# Autonomous Agents

## Autonomous Agents

**The Heart of Koii — Self-Managing Intelligence**

At the core of Koii lies its powerful **Autonomous Agents** system. Unlike traditional scripts or API-based AI tools that require constant human supervision, Koii agents are truly autonomous: they perceive, reason, plan, act, and learn — all with minimal intervention.

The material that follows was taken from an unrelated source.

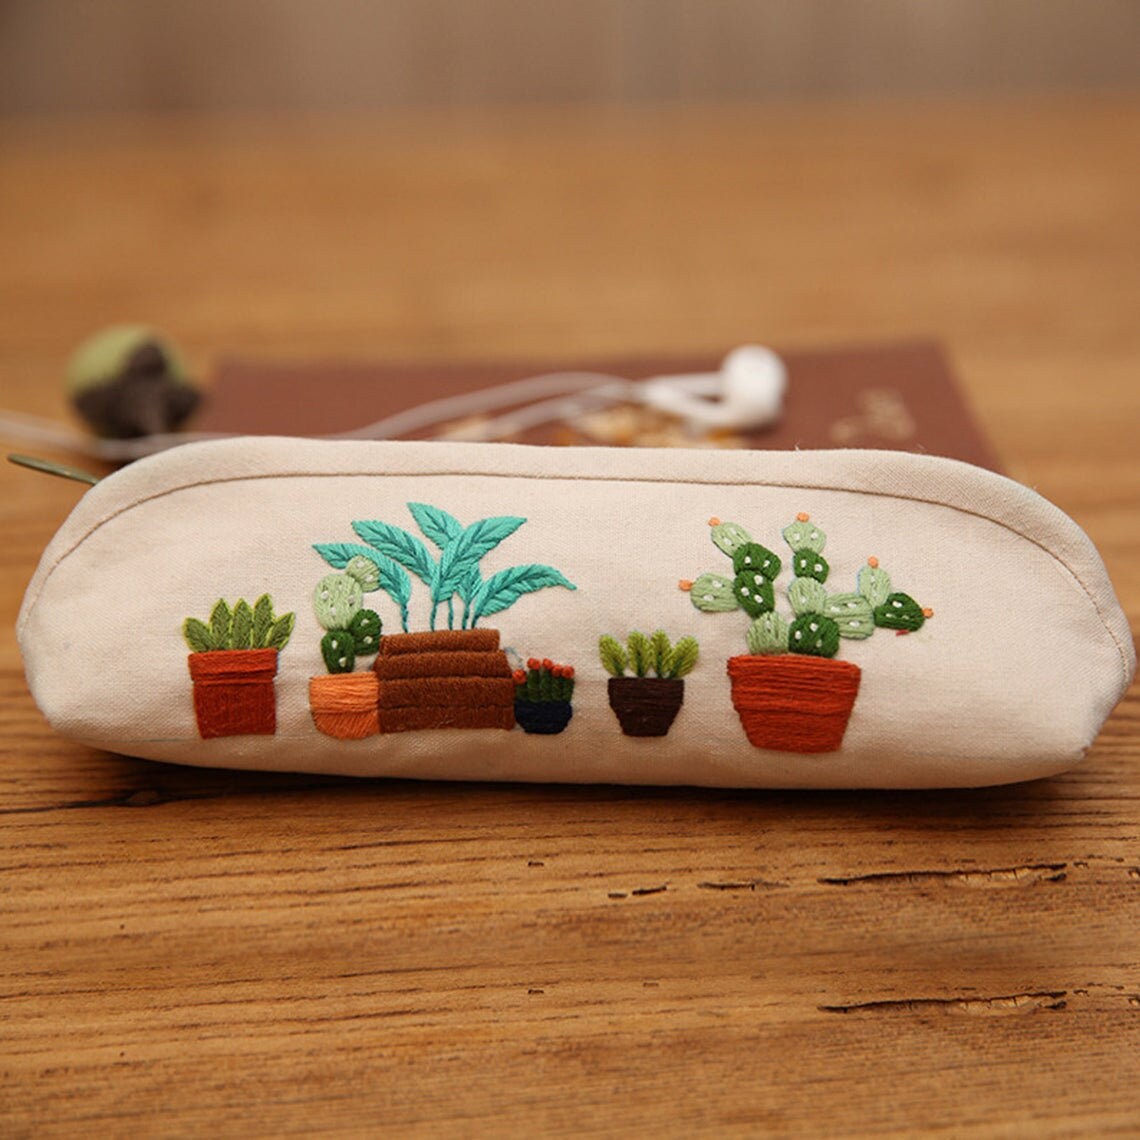 Green Oh Hey Embroidery Strap Pouch Slim Pencil Cases Light Stationery
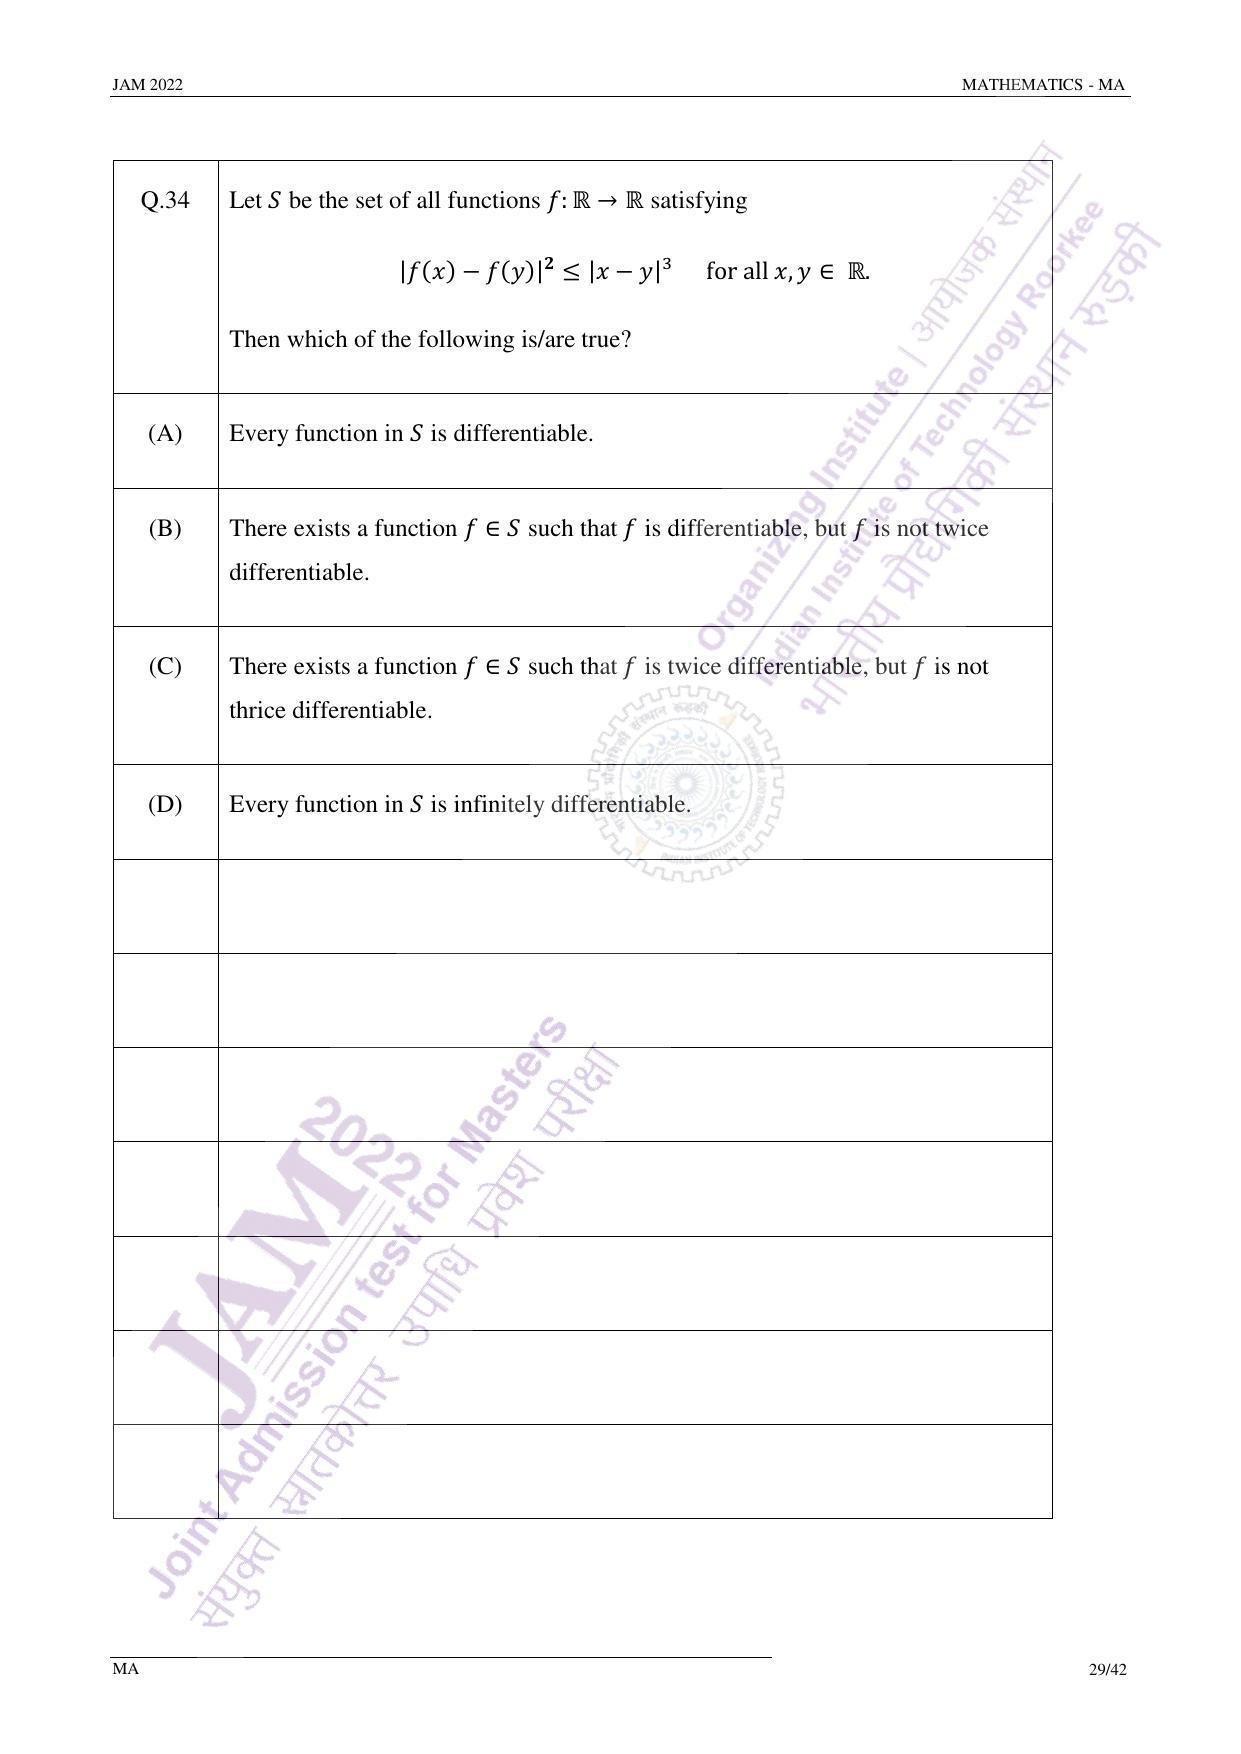 JAM 2022: MA Question Paper - Page 29

#### What Makes Koii Agents Different?

Traditional AI tools are reactive.\
**Koii Autonomous Agents** are proactive, adaptive, and collaborative.

**Key Characteristics:**

* **Goal-Driven** — You give them a high-level objective; they break it down into executable steps.
* **Self-Managing** — Agents monitor their own performance, detect failures, and self-heal or request assistance.
* **Environment-Aware** — They interact with files, APIs, databases, other agents, and external tools in real time.
* **Memory & Learning** — Long-term memory allows agents to remember past tasks, improve over time, and avoid repeating mistakes.
* **Secure Sandbox** — Every agent runs in an isolated, encrypted environment with strict permission controls.

#### Core Agent Types in Koii

| Agent Type               | Primary Role                                        | Best For                                      |
| ------------------------ | --------------------------------------------------- | --------------------------------------------- |
| **Task Agents**          | Execute specific, well-defined operations           | Research, content generation, data processing |
| **Compute Agents**       | Manage heavy computational workloads                | Training, simulations, batch processing       |
| **Orchestration Agents** | Coordinate multiple agents & workflows              | Complex projects, automation pipelines        |
| **System Agents**        | Infrastructure maintenance & monitoring             | Self-healing clusters, resource optimization  |
| **Custom Agents**        | User-defined behaviors via natural language or code | Any specialized use case                      |

#### How Autonomous Agents Work in Koii

1. **Initialization** — Define goals using natural language or YAML configuration.
2. **Planning** — Agent creates a step-by-step plan with checkpoints.
3. **Execution** — Runs tasks across local machines, edge devices, or global infrastructure.
4. **Collaboration** — Discovers and delegates to other agents automatically.
5. **Reflection & Learning** — Evaluates results, stores insights, and optimizes future behavior.
6. **Reporting** — Delivers clear, human-readable summaries and logs.

#### Real-World Examples

* **Software Development** — An agent that writes, tests, and deploys code based on a product requirement.
* **Research** — Multiple agents collaborating to gather data, analyze papers, and generate literature reviews.
* **Business Operations** — Agents handling customer support, inventory management, and report generation 24/7.
* **Personal Productivity** — Your own AI team that manages emails, schedules, and creative projects.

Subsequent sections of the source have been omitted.